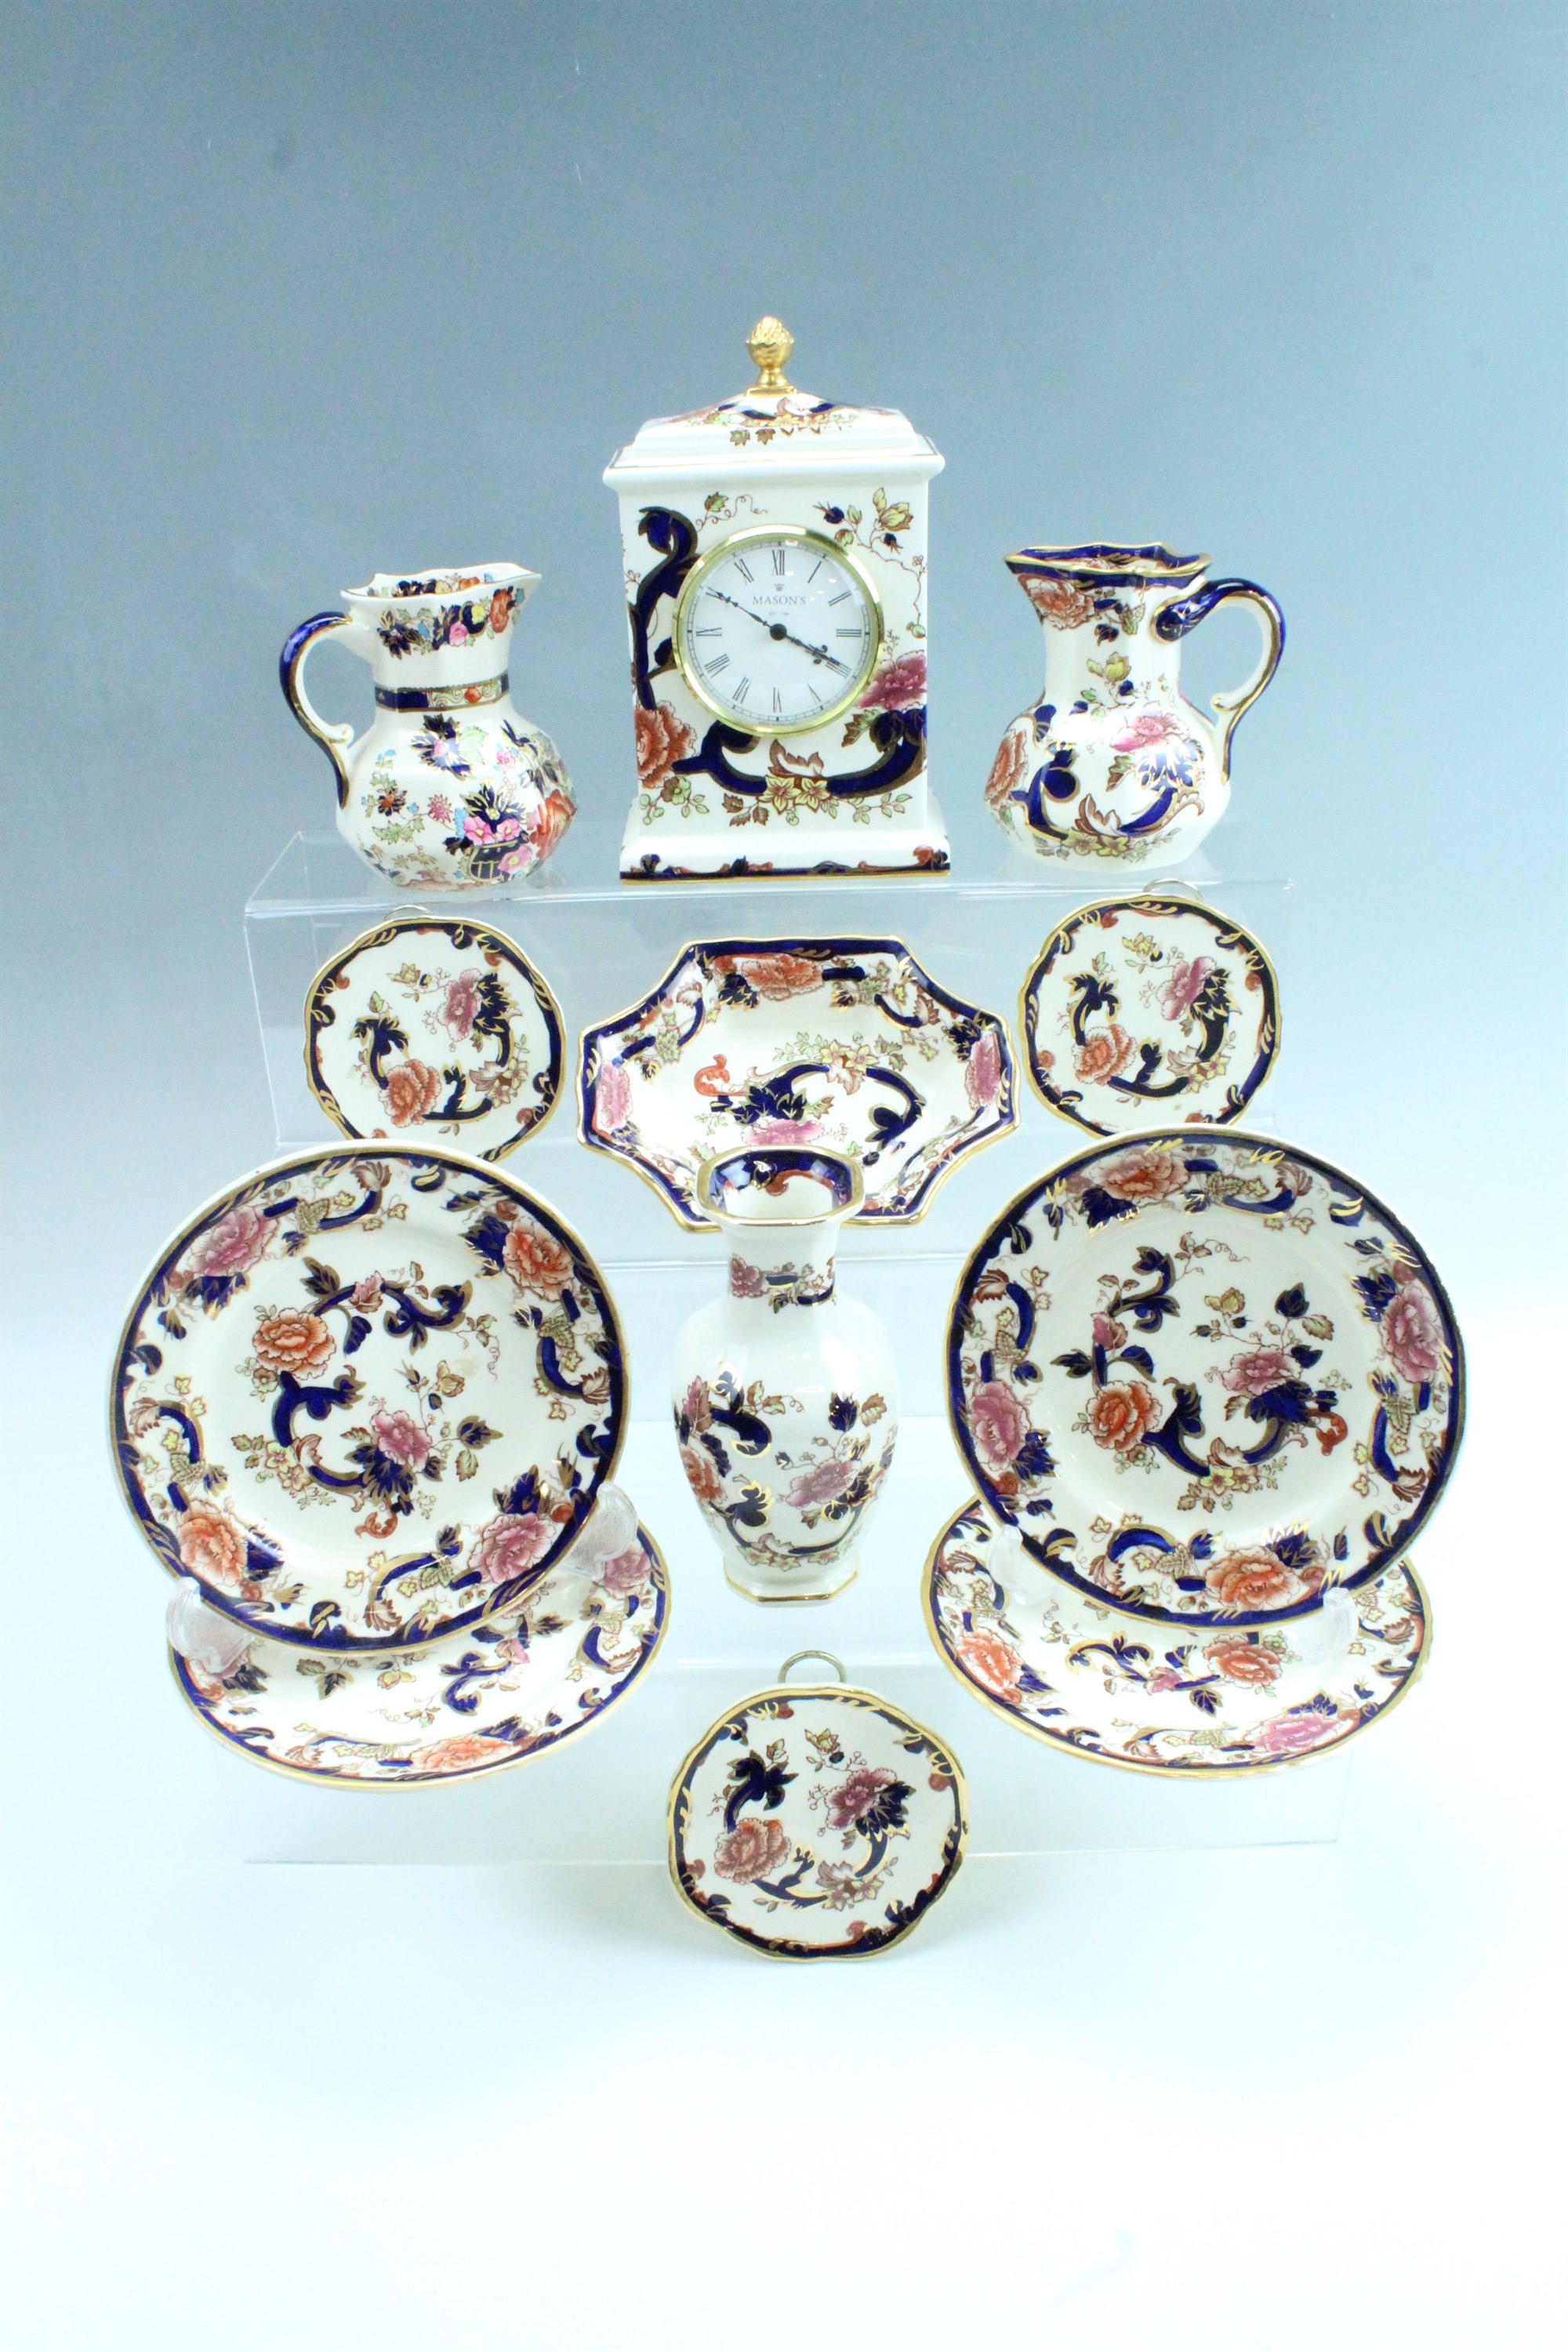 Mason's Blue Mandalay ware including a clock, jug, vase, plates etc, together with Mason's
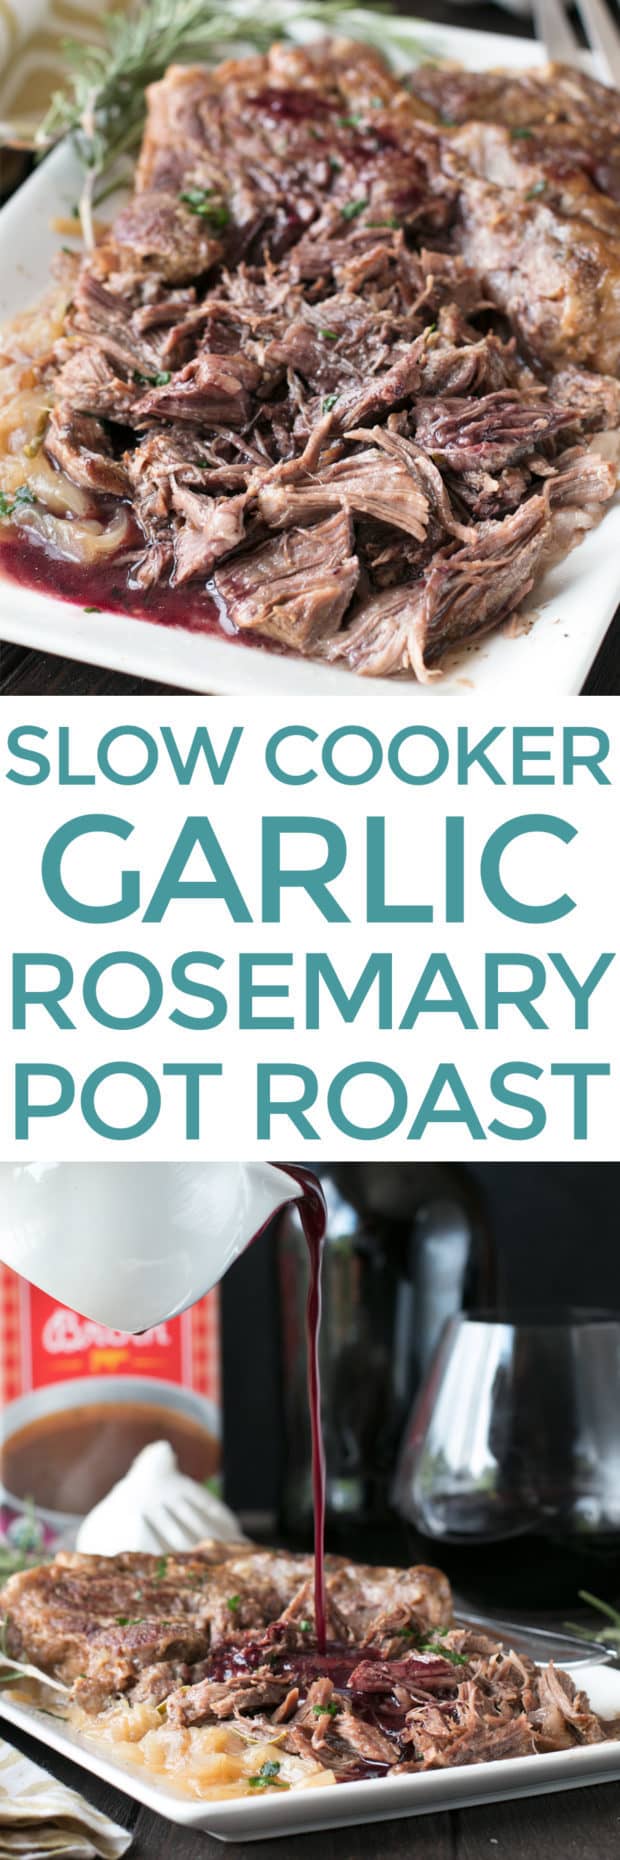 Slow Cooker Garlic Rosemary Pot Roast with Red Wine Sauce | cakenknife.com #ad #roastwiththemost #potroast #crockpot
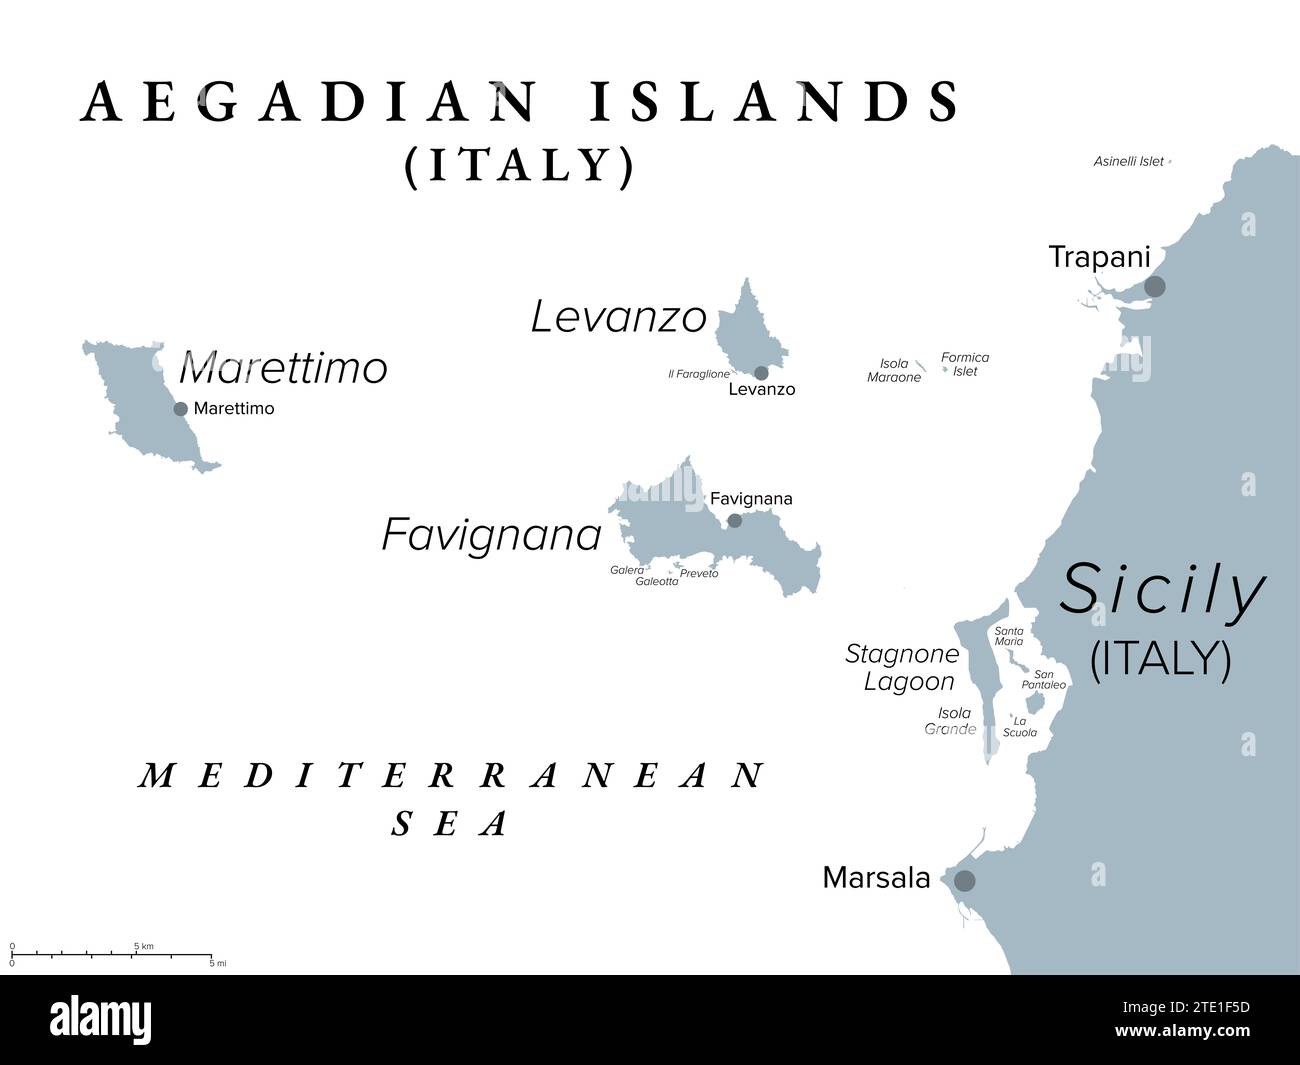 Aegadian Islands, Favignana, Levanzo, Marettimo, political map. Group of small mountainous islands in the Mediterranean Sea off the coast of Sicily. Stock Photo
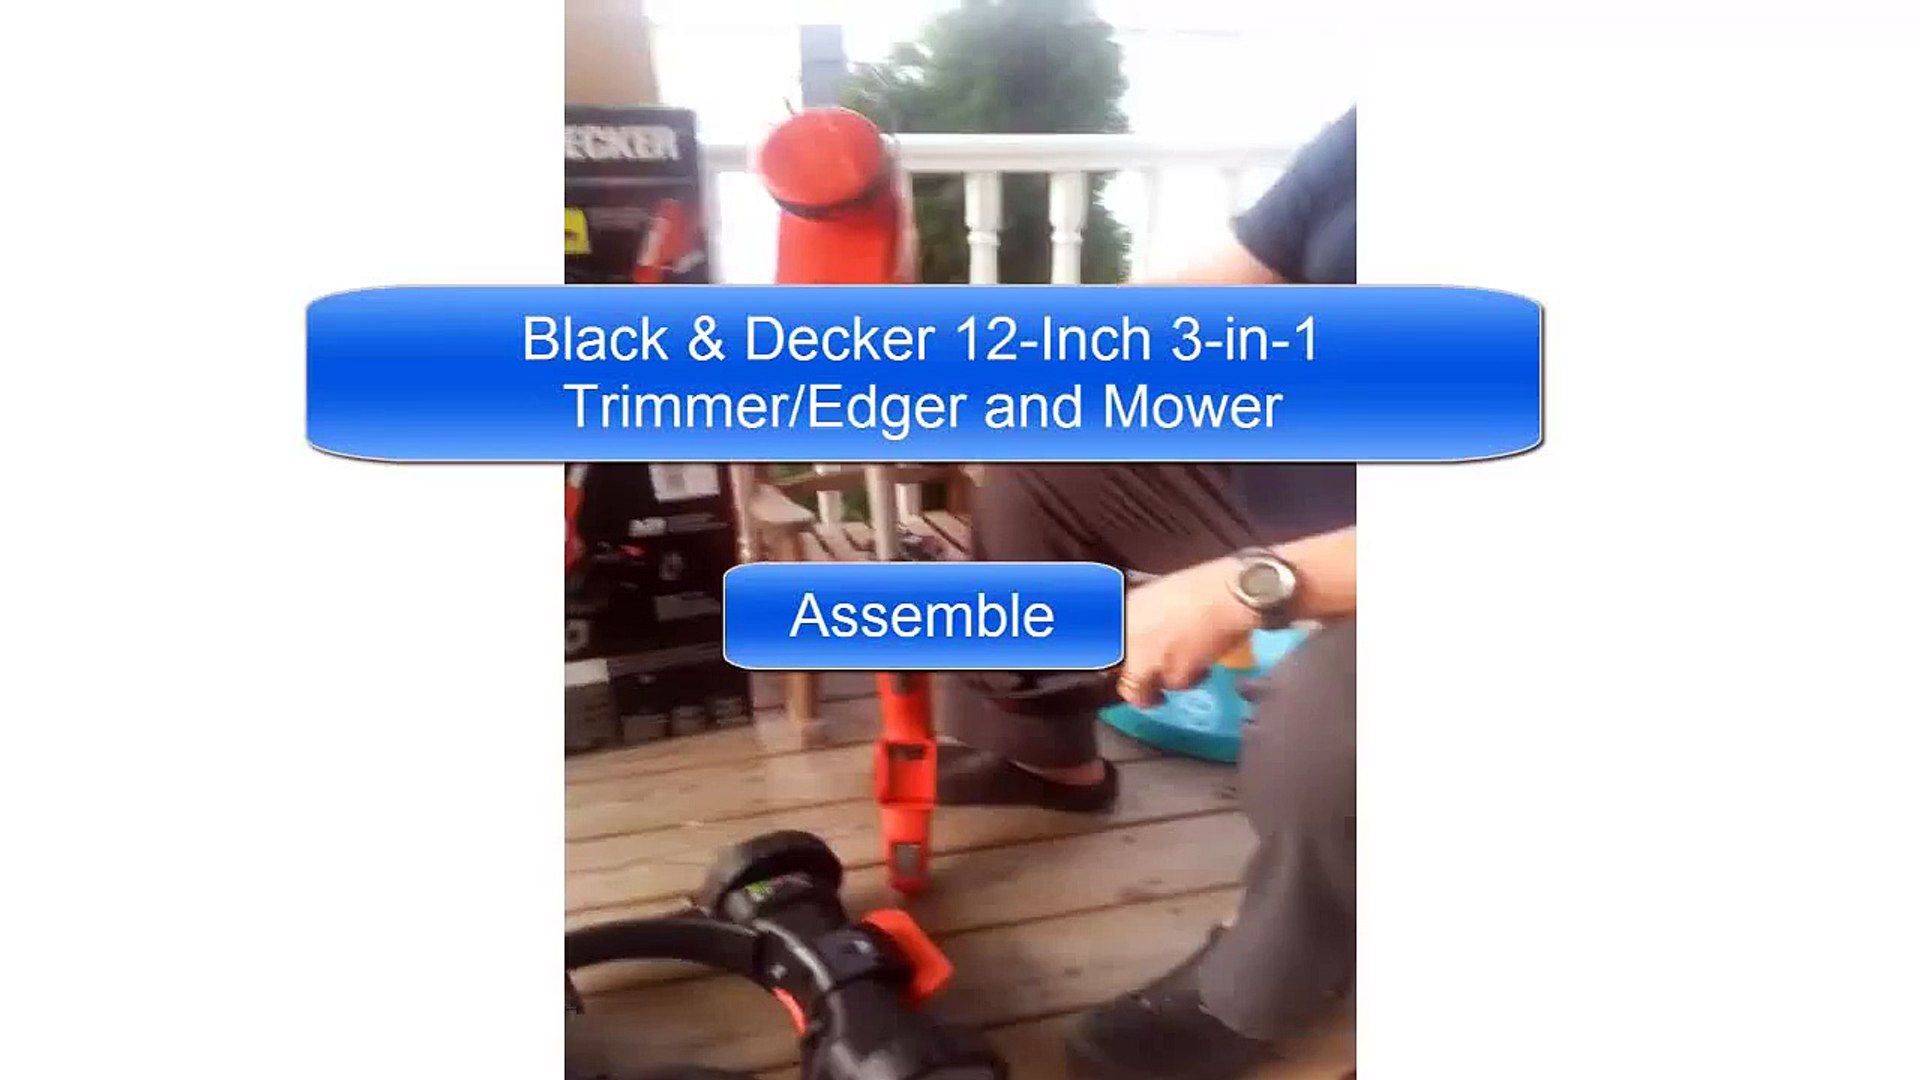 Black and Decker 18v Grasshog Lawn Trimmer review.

────────

**WORK TO COMPLETE**:
When you reach an image, pass over it, and retype all other material exactly.

**TASK ANSWER**:
 Mason's Blue Mandalay ware including a clock, jug, vase, plates etc, together with Mason's
 Slow Cooker Garlic Rosemary Pot Roast with Red Wine Sauce | cakenknife.com #ad #roastwiththemost #potroast #crockpot
 Aegadian Islands, Favignana, Levanzo, Marettimo, political map. Group of small mountainous islands in the Mediterranean Sea off the coast of Sicily. Stock Photo
 Black and Decker 18v Grasshog Lawn Trimmer review.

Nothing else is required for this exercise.